BYOH installation and configuration overview

The procedure for installing and configuring DataStax Enterprise for BYOH is straight-forward. First, ensure that you meet the prerequisites. Next, install DataStax Enterprise on all nodes in the Cloudera or Hortonworks cluster and on additional nodes outside the Hadoop cluster. Install several Cloudera or Hortonworks components on the additional nodes and deploy those nodes in a virtual BYOH data center. Finally, configure DataStax Enterprise BYOH environment variables on each node in the BYOH data center to point to the Hadoop cluster, as shown in the following diagram:

DataStax Enterprise runs only on BYOH nodes, and uses Hadoop components to integrate BYOH and Hadoop. You never start up the DataStax Enterprise installations on the Hadoop cluster.

MapReduce process

In a typical Hadoop cluster, Task Tracker and Data Node services run on each node. A Job Tracker service running on one of the master nodes coordinates MapReduce jobs between the Task Trackers, which pull data locally from data node. For the latest versions of Hadoop using YARN, Node Manager services replace Task Trackers and the Resource Manager service replaces the Job Tracker.

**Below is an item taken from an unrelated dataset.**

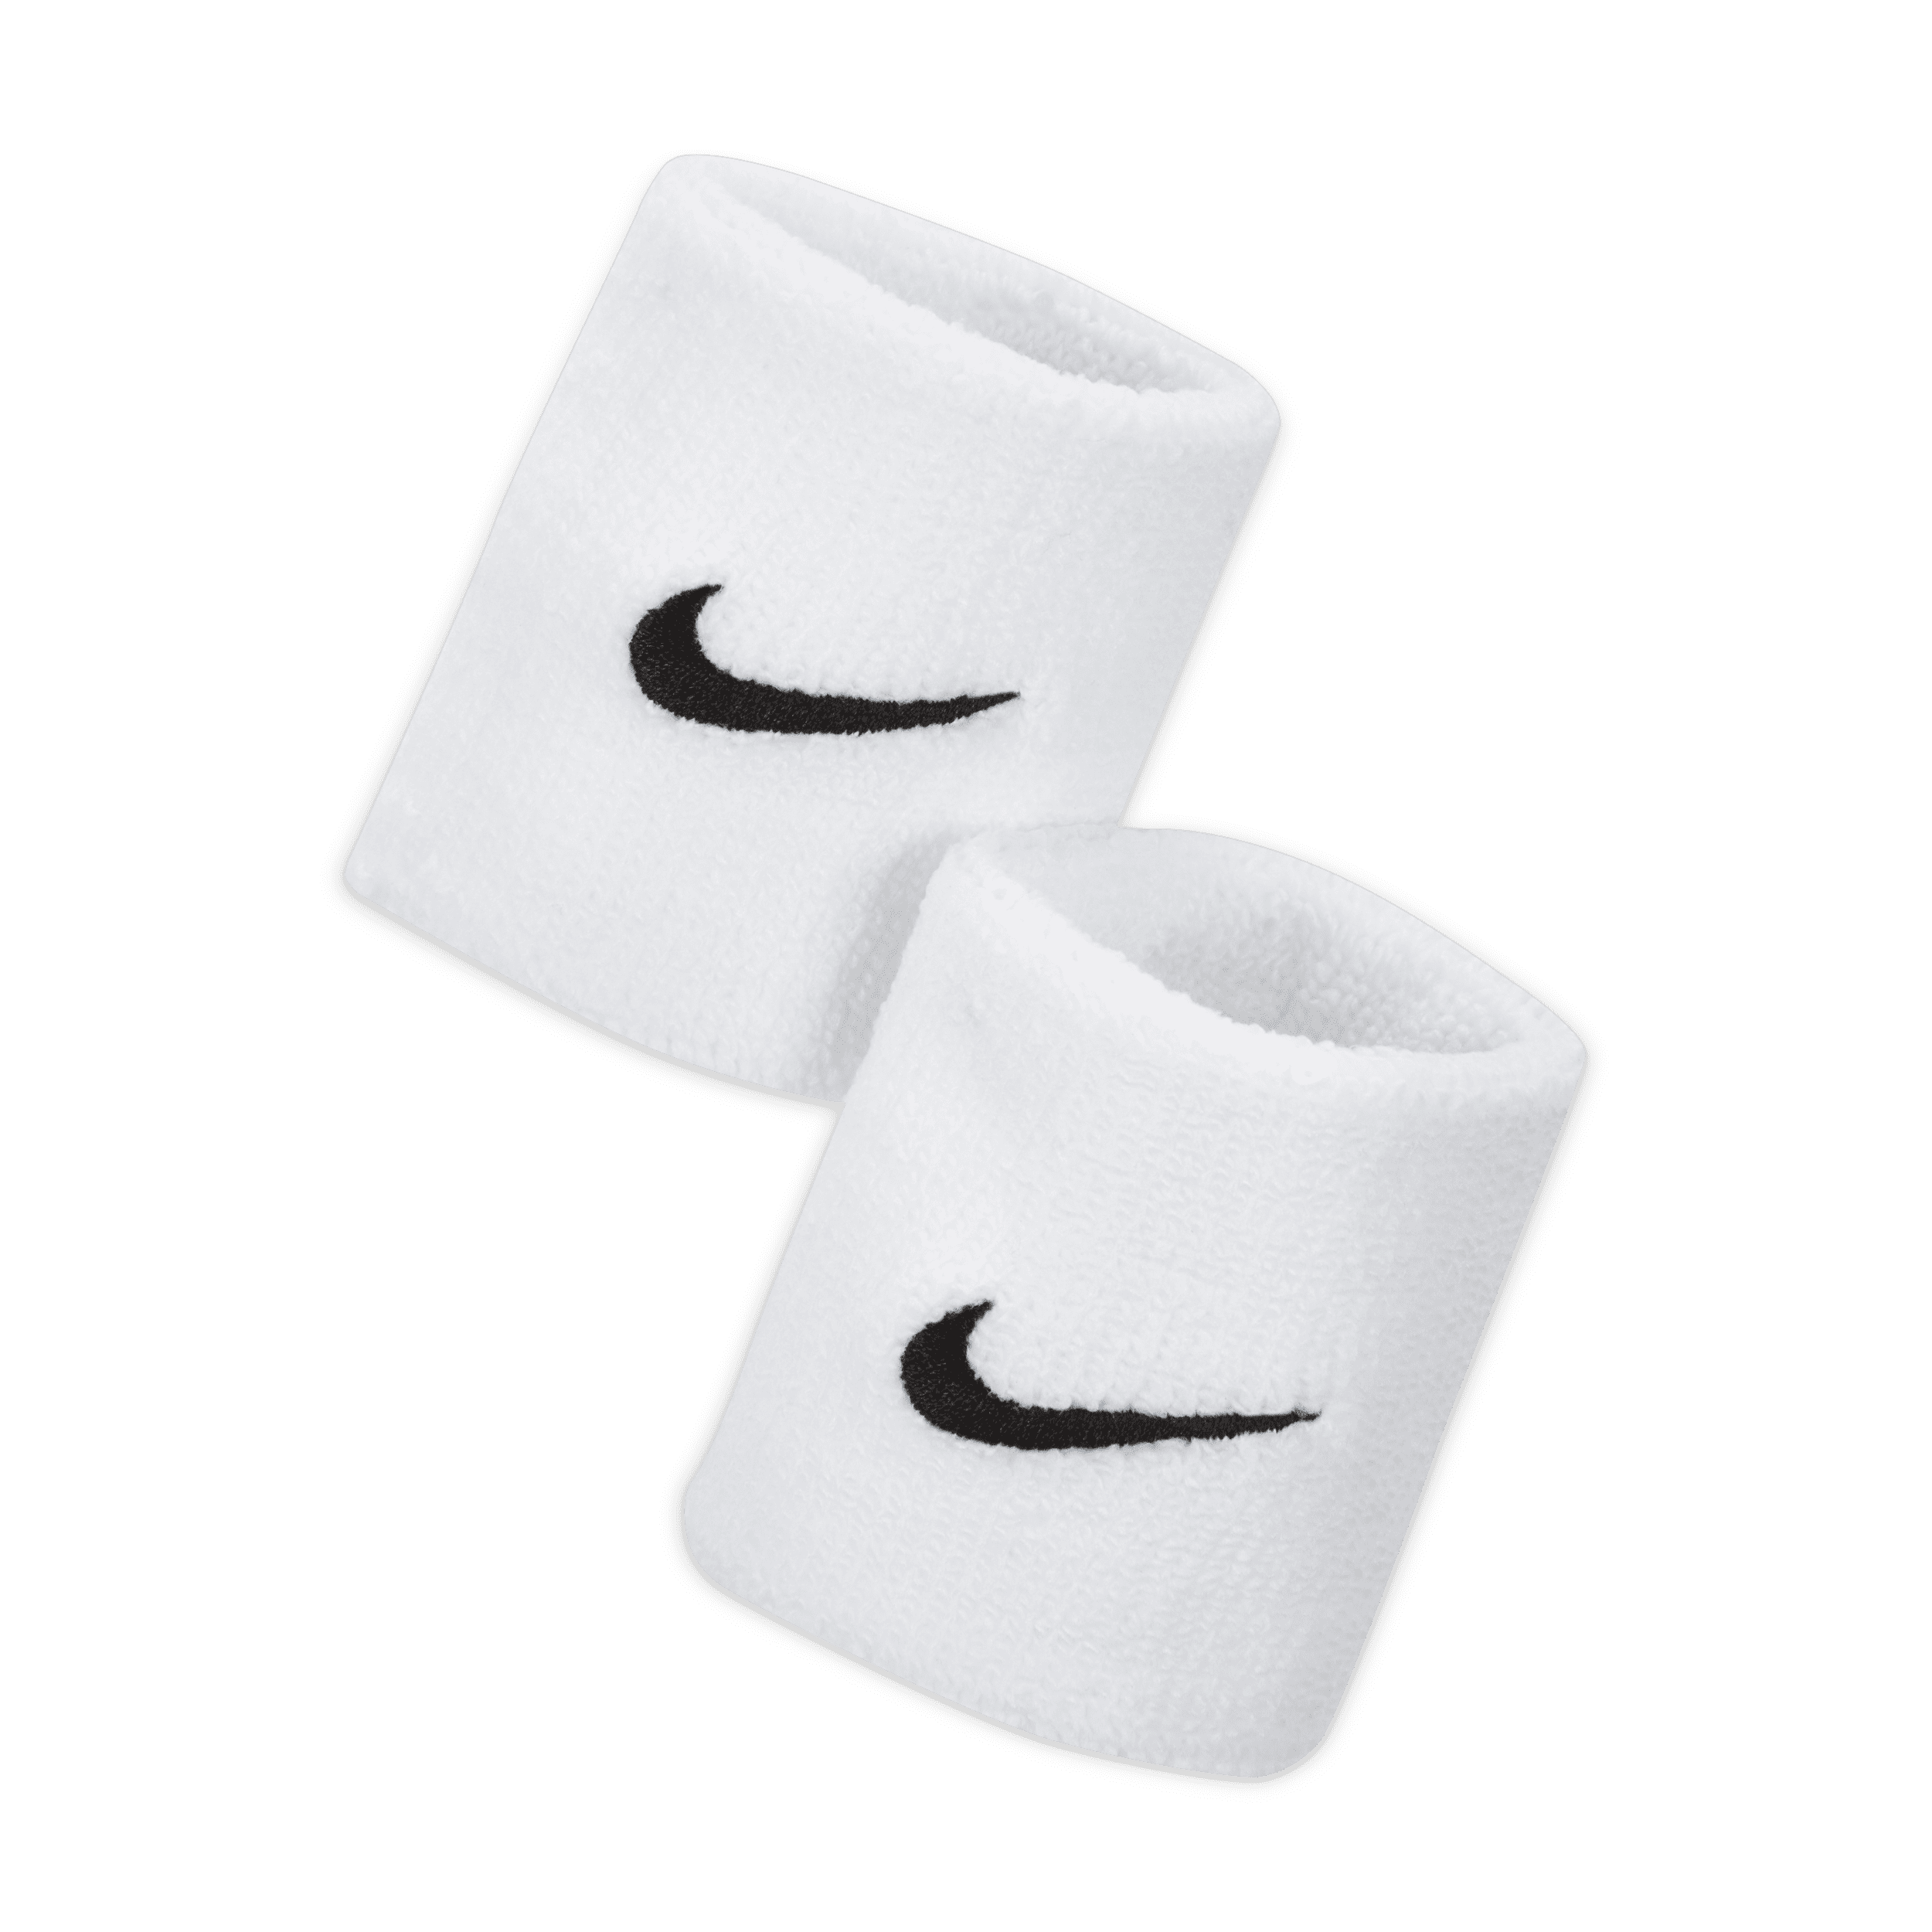 Nike Premier Muñequeras de tenis - Blanco

In contrast with the typical Hadoop cluster, in the BYOH model DSE Cassandra services can take the place of the Data Node service in MapReduce jobs, providing data directly to the Task Trackers/Node Managers, as shown in the following diagram. For simplicity purposes, the diagram uses the following nomenclature:

Task Tracker--Means Task Tracker or Node Manager.
Job Tracker--Means Job Tracker or Resource Manager.

A MapReduce service runs on each BYOH node along with optional MapReduce, Hive, and Pig clients. To take advantage of the performance benefits offered by Cassandra, BYOH handles frequently accessed hot data. The Hadoop cluster handles less-frequently and rarely accessed cold data. You design the MapReduce application to store output in Cassandra or Hadoop.

The following diagram shows the data flow of a job in a BYOH data center. The Job Tracker/Resource Manager (JT/RM) receives MapReduce input from the client application. The JT/RM sends a MapReduce job request to the Task Trackers/Node Managers (TT/NM) and optional clients, MapReduce, Hive, and Pig. The data is written to Cassandra and results sent back to the client.

BYOH workflow

BYOH clients submit Hive jobs to the Hadoop job tracker or ResourceManager in the case of YARN. If Cassandra is the source of the data, the job tracker evaluates the job, and the ColumnFamilyInputFormat creates input splits and assigns tasks to the various task trackers in the Cassandra node setup (giving the jobs local data access). The Hadoop job runs until the output phase.

During the output phase if Cassandra is the target of the output, the HiveCqlOutputFormat writes the data back into Cassandra from the various reducers. During the reduce step, if data is written back to Cassandra, locality is not a concern and data gets written normally into the cluster. For Hadoop in general, this pattern is the same. When spilled to disk, results are written to separate files, partial results for each reducer. When written to HDFS, the data is written back from each of the reducers.

Intermediate MapReduce files are stored on the local disk or in temporary HDFS tables, depending on configuration, but never in CFS. Using the BYOH model, Hadoop MapReduce jobs can access Cassandra as a data source and write results back to Cassandra or Hadoop.